Até as piadas permaneciam com a mesma sonoridade
nostálgica.
– Tá vendo? Disso eu não sabia – encorajei-a. Ou insisti. –
Vai lá pra contar qualquer coisa, Antonella. Pontal dos Guarás vai adorar que
tu fiques mais alguns dias.
– Só Pontal?
– Eu te garanto que não.
Ela sorriu com a resposta, mas frustrou qualquer tentativa
de minha parte depois disso, porque foi a única reação visível por minutos
inteiros. Ainda permanecia em silêncio quando os meninos voltaram, jogando de
um lado ao outro uma bola surrada de vôlei que nunca mantinha-se no ar – estava
sempre caindo e rolando pela areia molhada de maré seca.

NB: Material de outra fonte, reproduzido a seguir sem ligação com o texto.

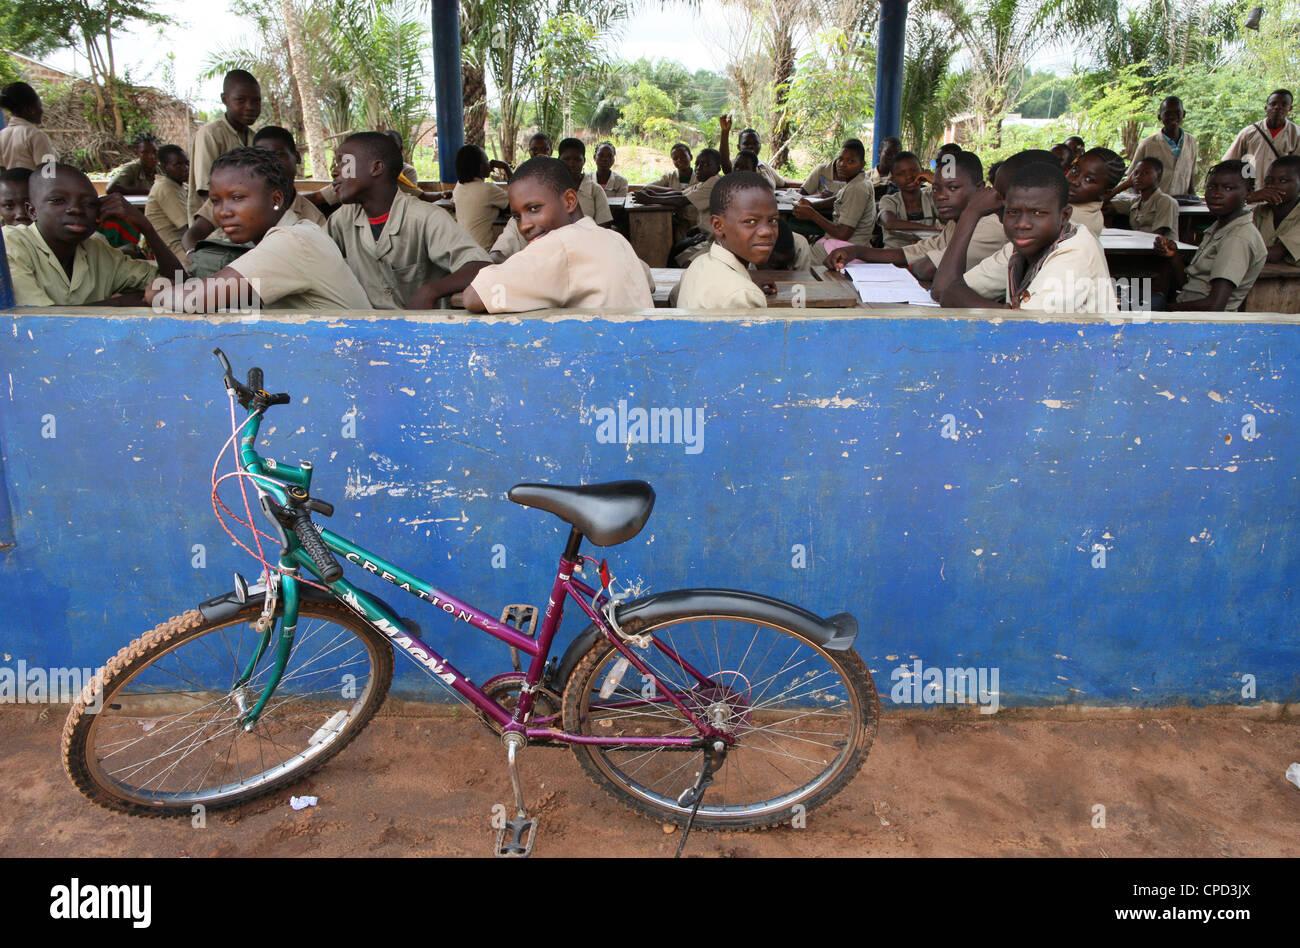 Secondary school in Africa, Hevie, Benin, West Africa, Africa Stock Photo

Assim que sentiram o faro, as reações da espécie masculina foram
instantâneas: um deles aventurou-se a chegar mais perto, deu uma checadinha básica no produto, mas acho
que imediatamente afastou-se quando Tomtom forçou a voz rouca e mandou um “e aí, brother?”. O abutre de verão
agarrou-se na bola e voltou aos braços dos outros meninos, que o receberam com
vaias e tapões na nuca.
Ela também riu, mas se você olhasse atentamente para
Antonella naquele ângulo amarelado de pôr do sol com a lua desde manhã cedo
pendurada no céu, veria que, minimamente (se você realmente olhasse bem), os
dentes mordiam o lábio inferior, tão fino quanto um rastro de dedo indicador deixado
sobre a pele.
E se você conhecesse Tomtom minimamente como eu bem
conhecia, saberia o porquê estiquei os braços pra trás e deixei o corpo
descansar, tranquila e confortável; saberia o porquê de nenhuma de nós não
pronunciar coisa alguma enquanto o Sol mergulhava atrás de nós; saberia que
pedidos agora já estavam respondidos e que minúsculas respostas foram dadas.
Logo o céu escureceu e algumas poucas estrelas começaram a
piscar no céu azul-rosado das seis e meia da tarde. Antonella levantou-se junto
comigo e caminhou ao meu lado quando todos subimos a rua.
Tudo o que me perguntou foi:
– Vai ficar tudo bem pros
seus tios?
– Vai, sim – respondi.
E Pontal dos Guarás agradeceu pelas visitas que ficavam.